Во время болезни мне снилась наша украинская семья. Я был у бабушки с дедом, общался с дядьями и с кем-то из двоюродных братьев. Вспомнил, как я умыкнул у одноклассника книгу. Когда мы уезжали из СССР, я взял на память пластинку с юмористическими рассказами, которую получил в подарок, но, кроме того, взял, точнее украл, нашу общую с другим одноклассником книгу. Довольно долго я ощущал вину за это преступление. В Буэнос-Айресе я прятался, чтоб послушать пластинку и почитать книгу: упражнялся в ностальгии и сохранении языка. Во время болезни я забыл оба языка. Через неделю я начал приходить в себя, но мне по-прежнему было все равно, что происходит вокруг.

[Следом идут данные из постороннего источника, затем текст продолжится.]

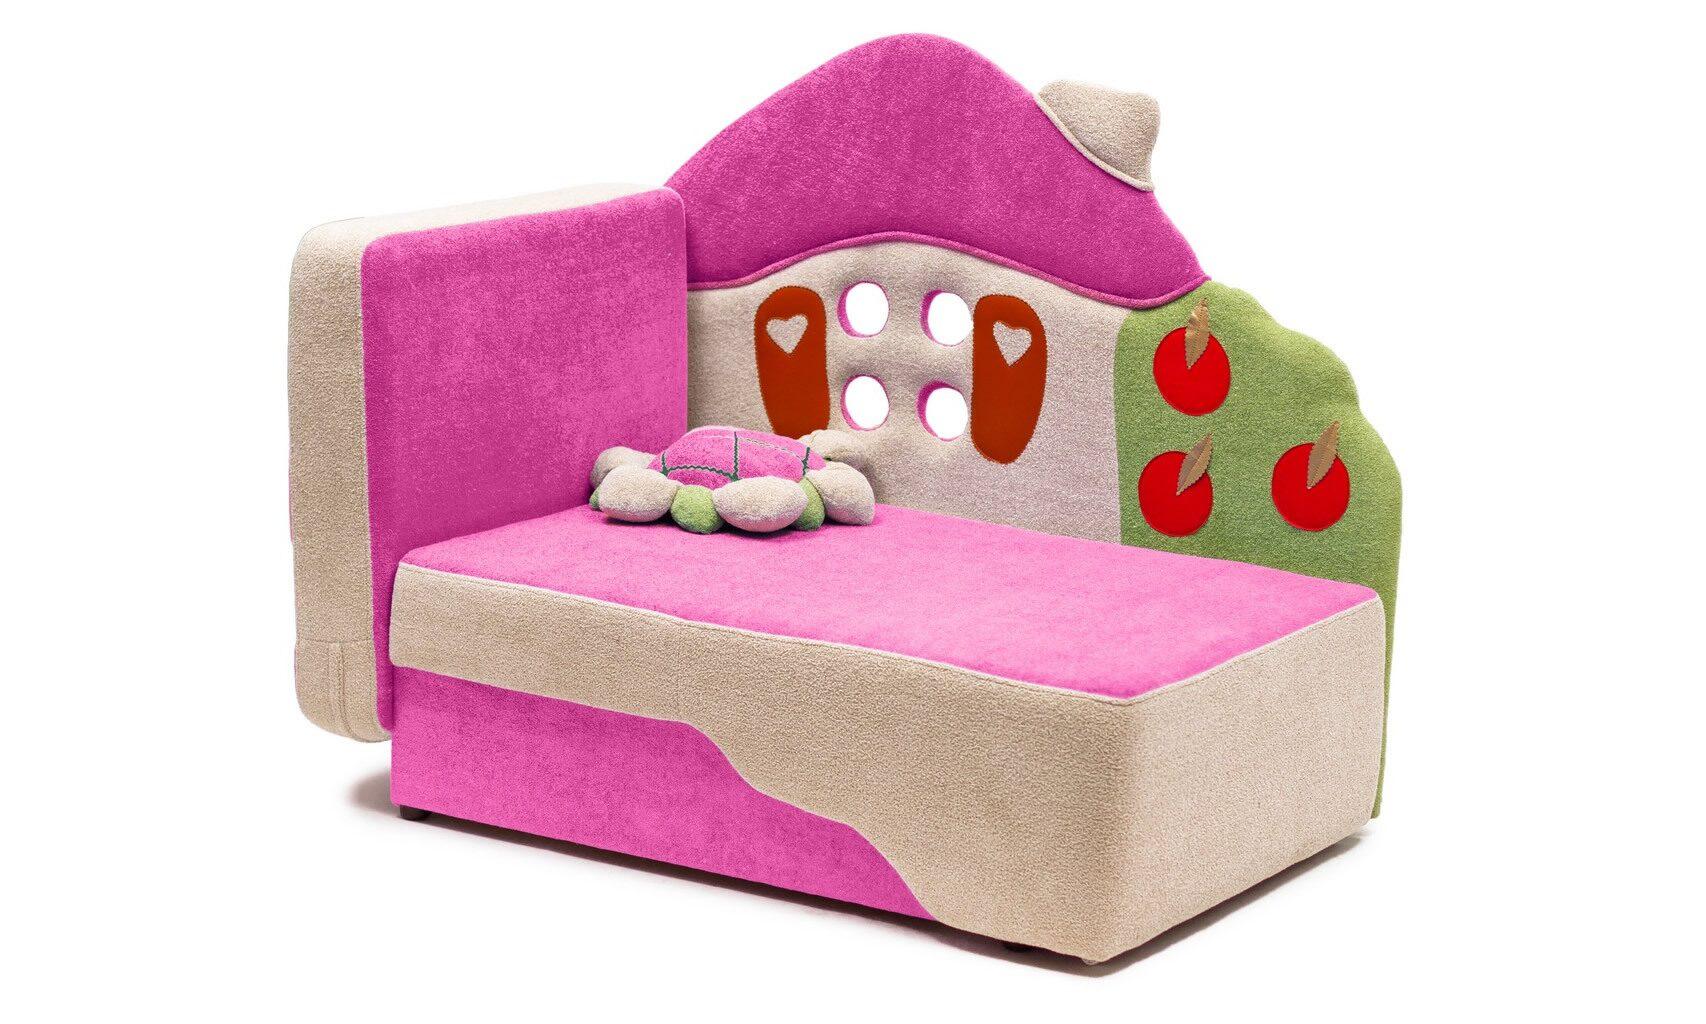 купить кресло кровать в минске б.у

Голос матери доносился издалека, но я не давал себе труда попытаться различить хоть слово: мне нужны были отдых и сон. Болезнь отступала — одним утром я проснулся здоровым. Увидев улыбку на моем лице, мать подошла и сказала мне по-русски что-то, чего я не понял. Я хотел ответить ей, но не знал, как это сделать: не мог вспомнить ни одного русского слова. Полная пустота, природу которой нельзя было объяснить логически. Жестами я дал матери понять, чтоб она принесла мне книгу и пластинку. Я не узнавал кириллических букв, не мог прочесть ни одного предложения, а когда слушал голоса на пластинке — ничего не мог разобрать: грипп вызвал осложнения, сопровождавшиеся амнезией, и уничтожил все мое языковое состояние. Одна-единственная неделя вырвала из моей жизни оба языка, русский и украинский, и я так их себе и не вернул. Этот феномен годами позже мой психоаналитик проинтерпретировал как отказ от прошлого и желание влиться в аргентинскую реальность. Если все было так, как он говорил, то это была высокая цена — расстаться с двумя языками в обмен на новые, которыми я так до конца и не овладел. Это был слишком жестокий грипп: он лишил меня моего настоящего голоса.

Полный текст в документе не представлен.